Prompt
With the pictures set aside, write out all of the data exactly as it stands.

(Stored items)
....

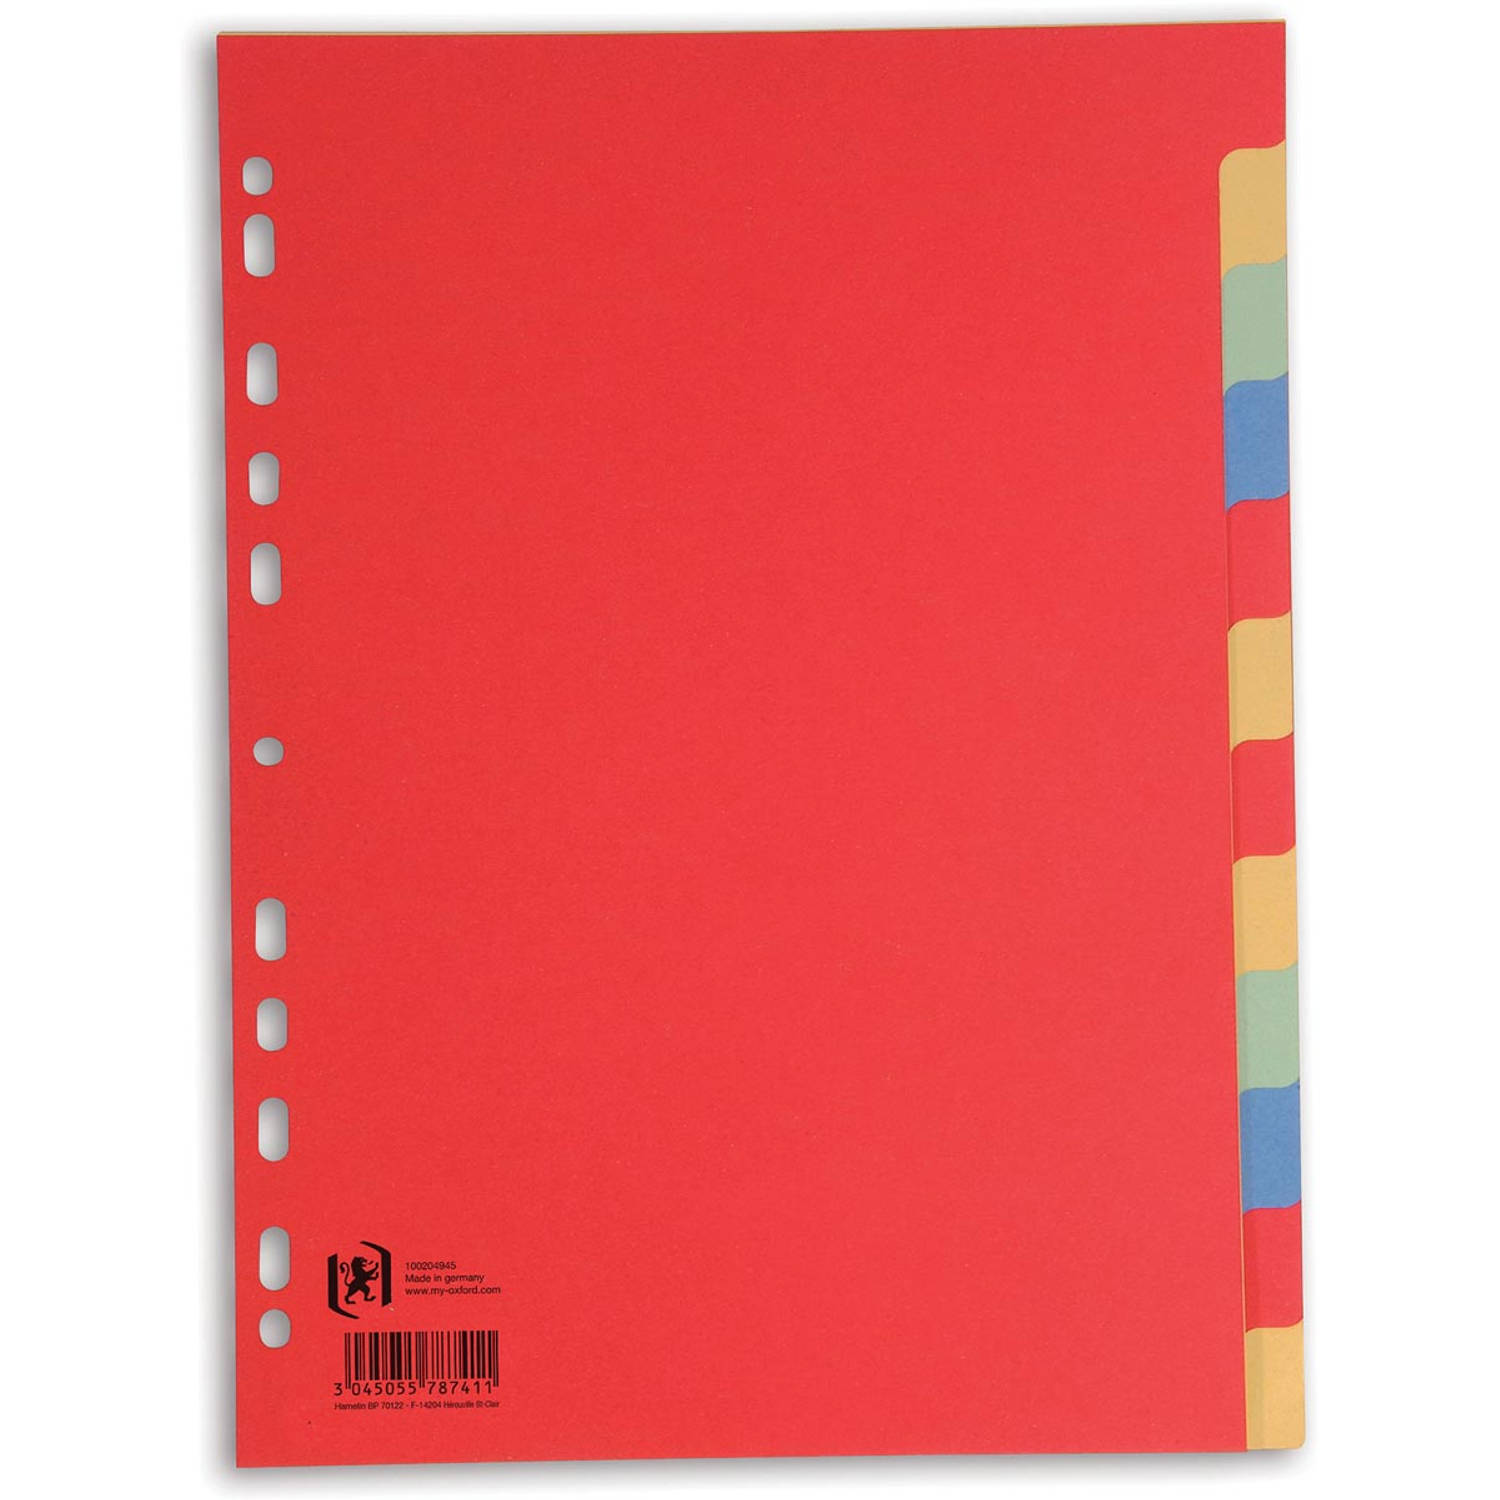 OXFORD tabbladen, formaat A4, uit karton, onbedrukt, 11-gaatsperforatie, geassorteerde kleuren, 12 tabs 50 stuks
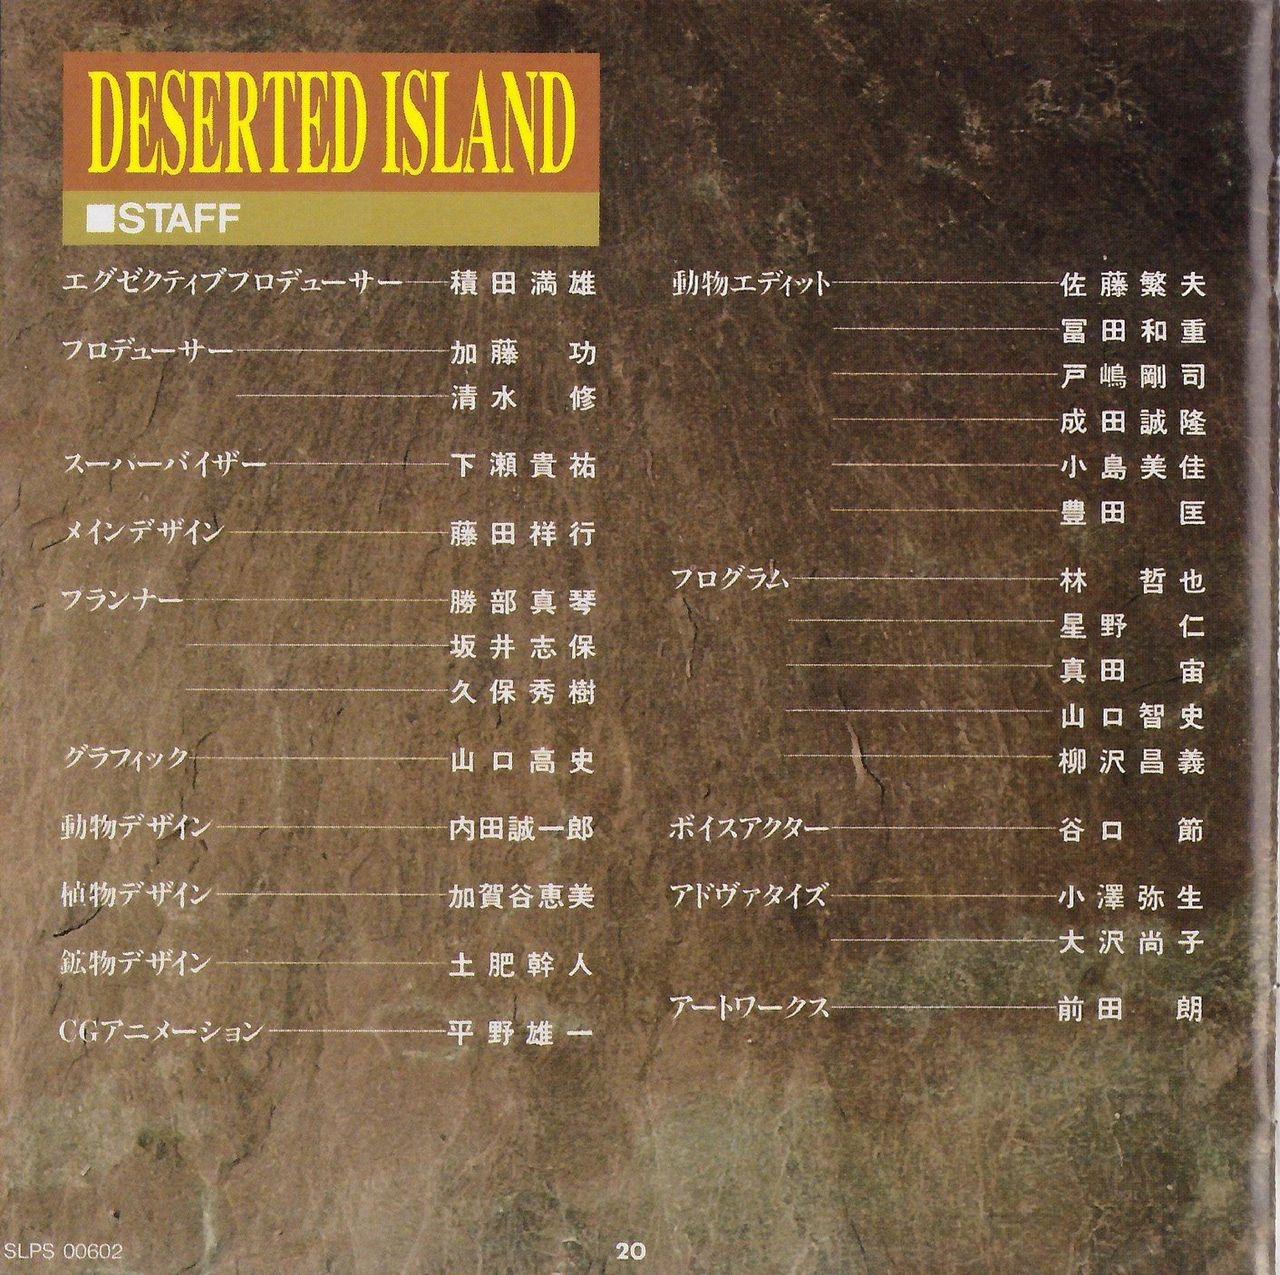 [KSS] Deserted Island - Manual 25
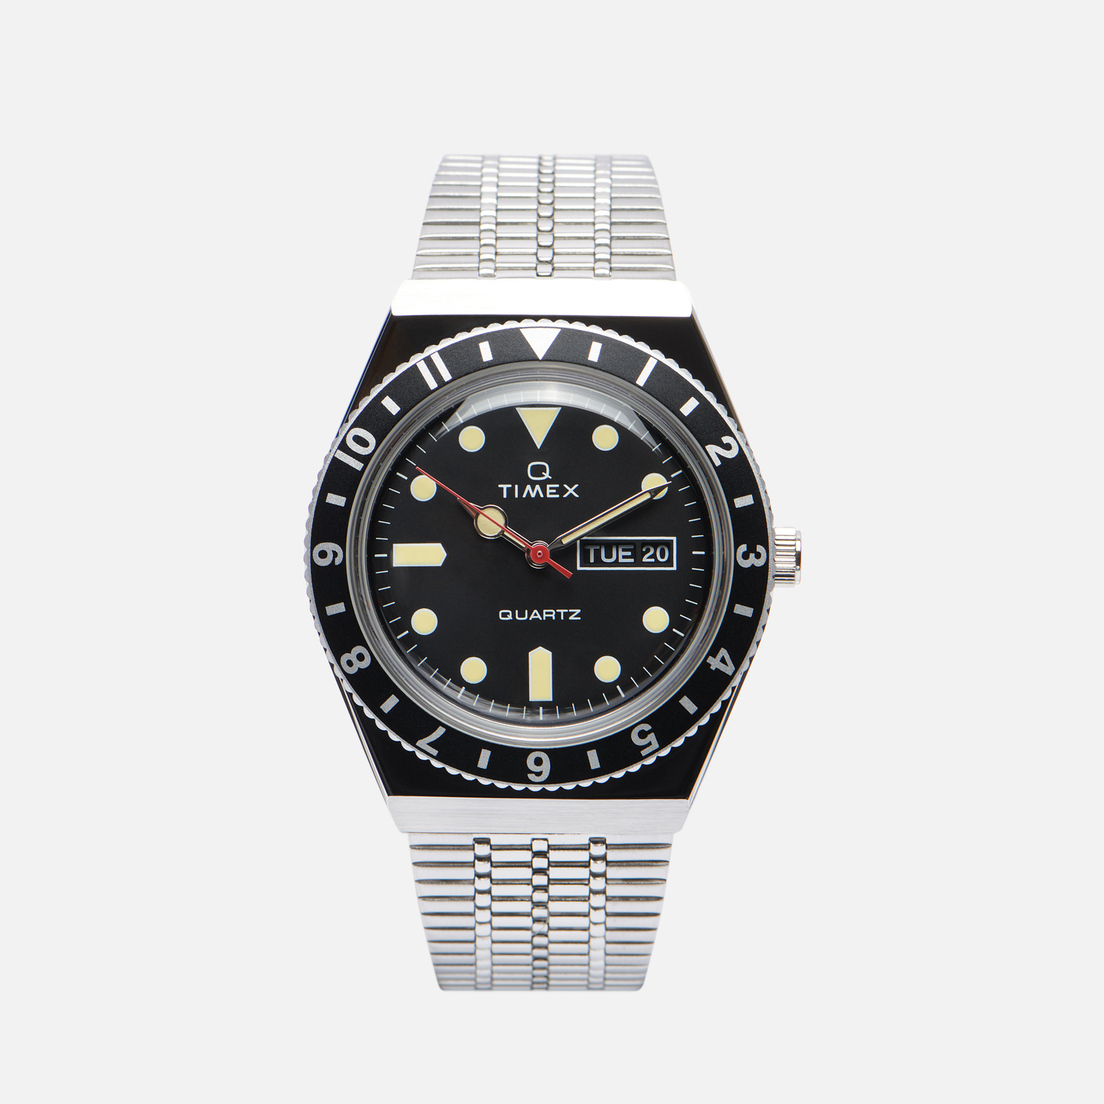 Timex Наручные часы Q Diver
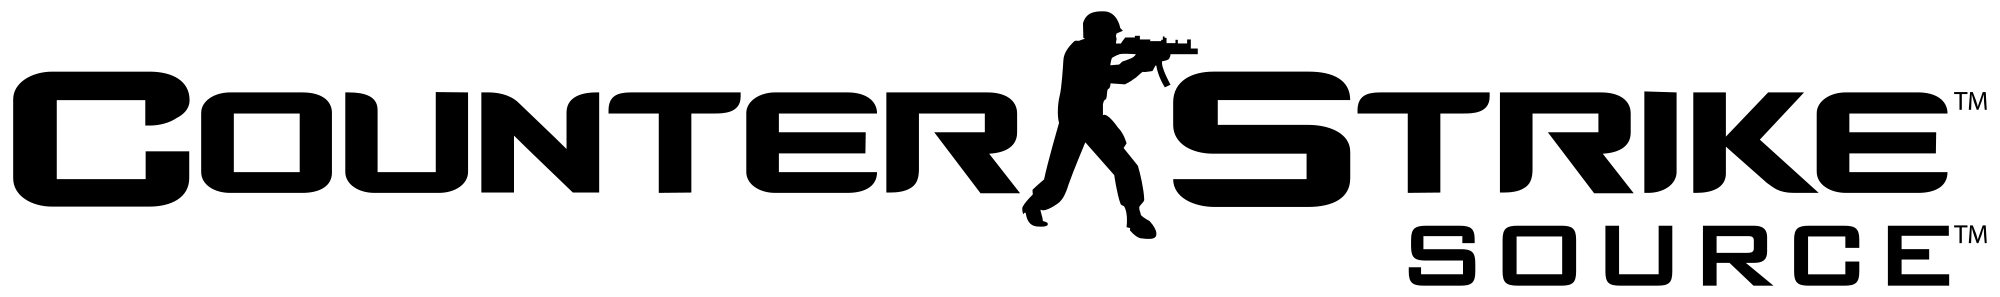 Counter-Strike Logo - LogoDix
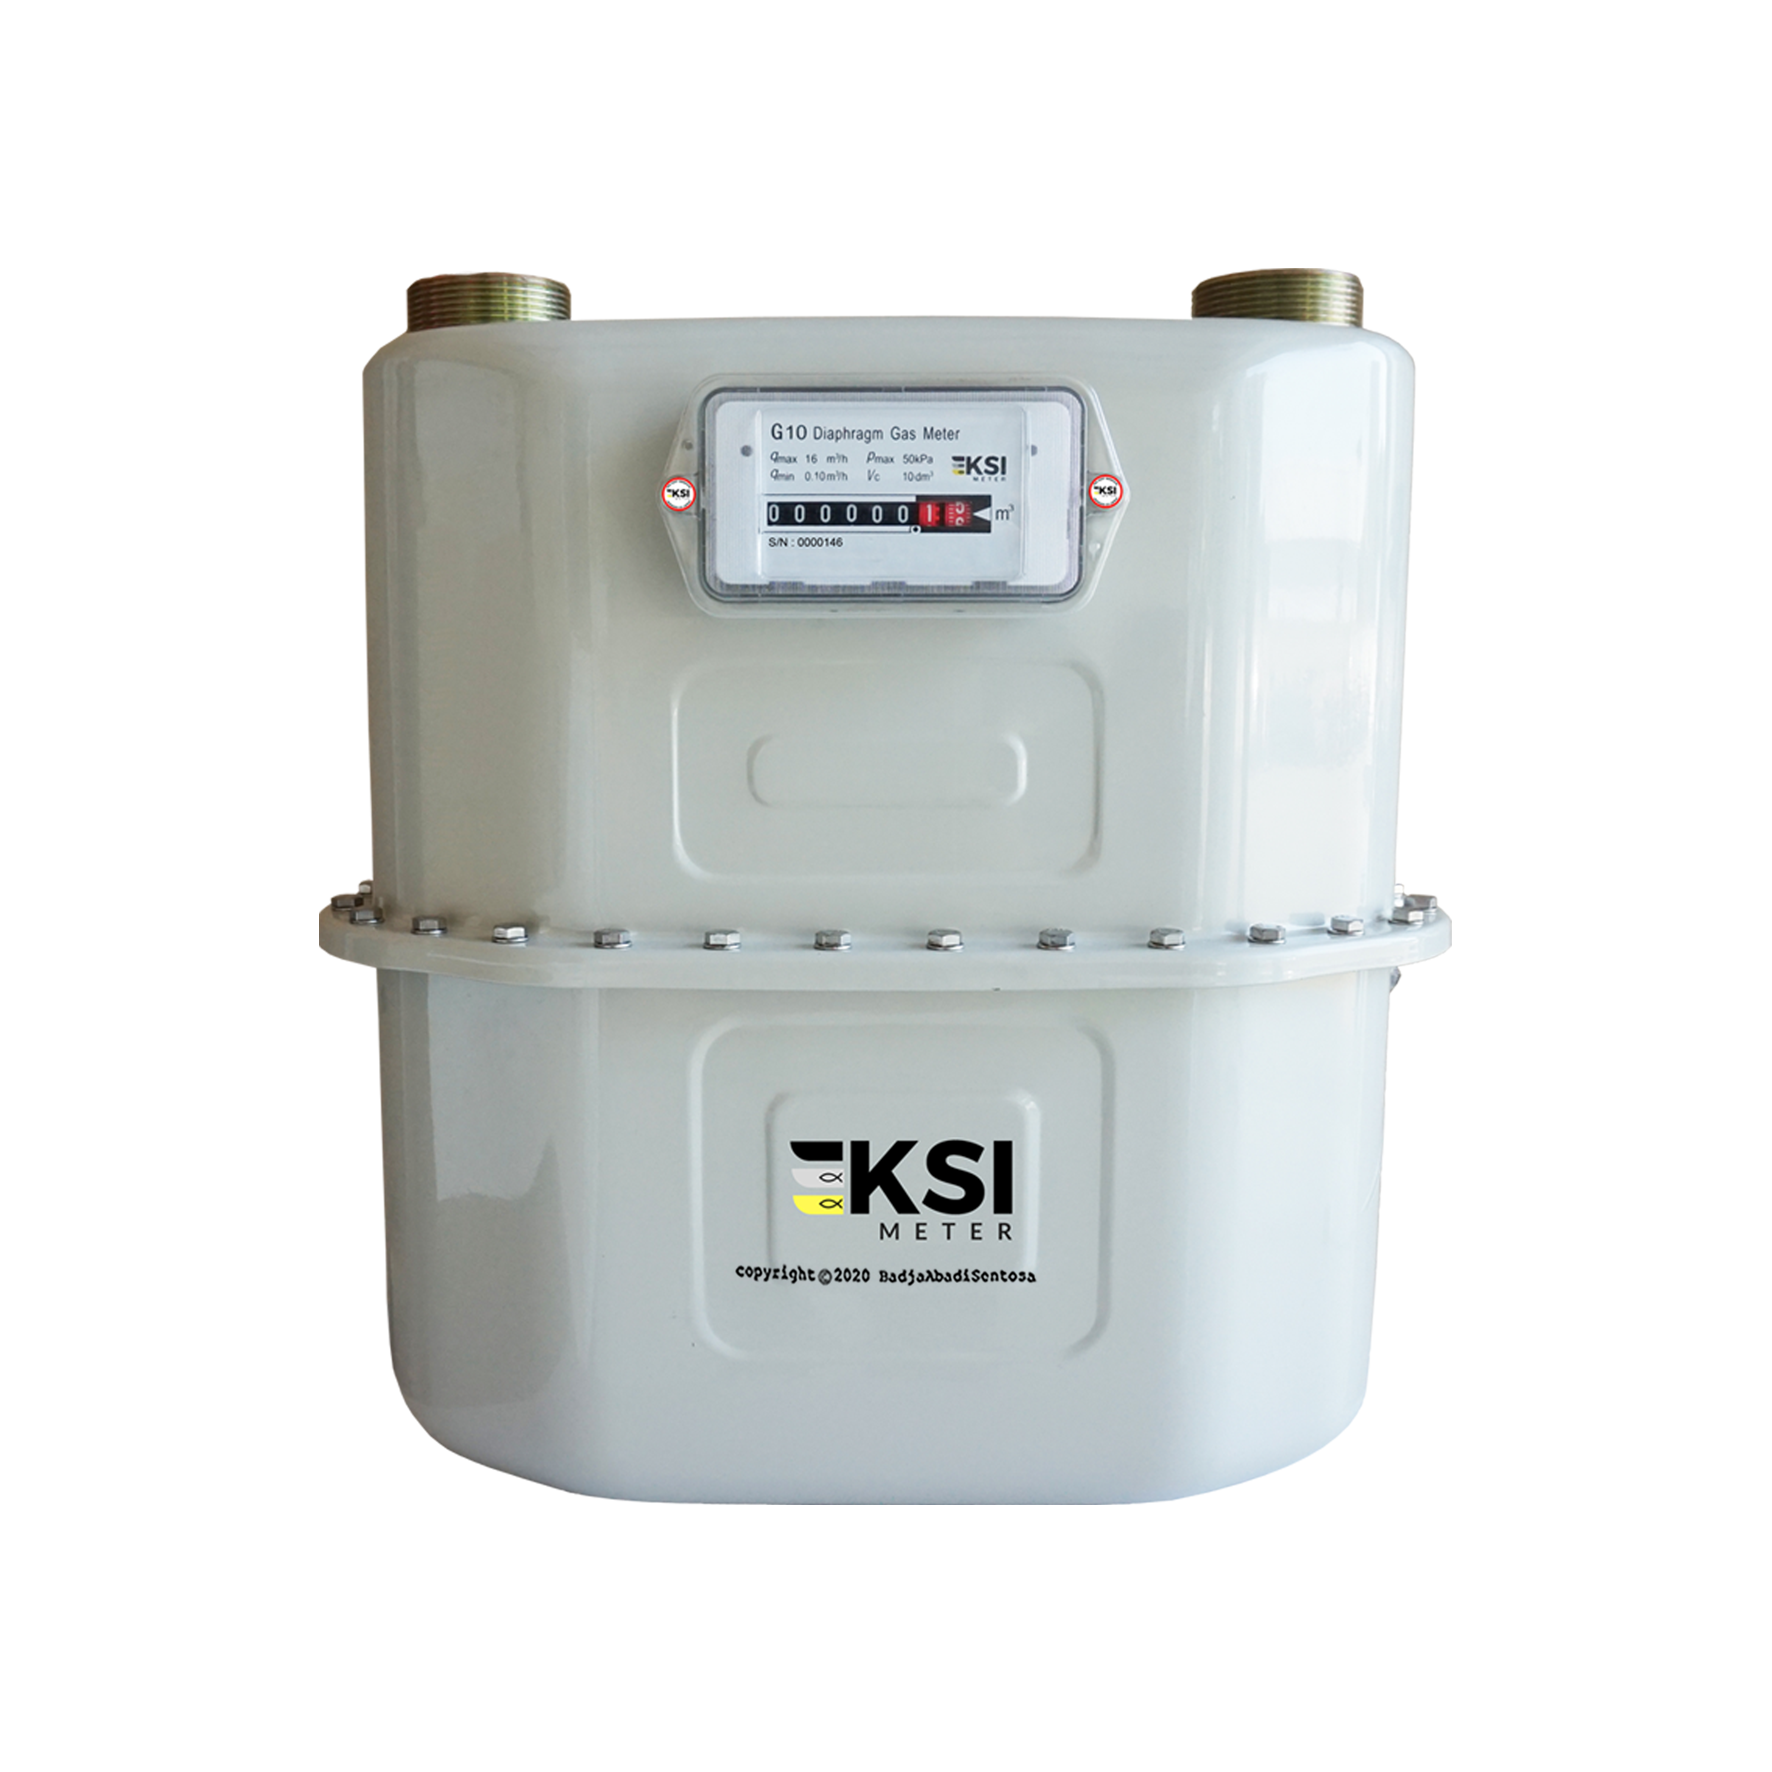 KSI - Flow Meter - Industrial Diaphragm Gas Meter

....

Expected output
 OXFORD tabbladen, formaat A4, uit karton, onbedrukt, 11-gaatsperforatie, geassorteerde kleuren, 12 tabs 50 stuks
 [KSS] Deserted Island - Manual 25
 Timex Наручные часы Q Diver
 Counter-Strike Logo - LogoDix
 KSI - Flow Meter - Industrial Diaphragm Gas Meter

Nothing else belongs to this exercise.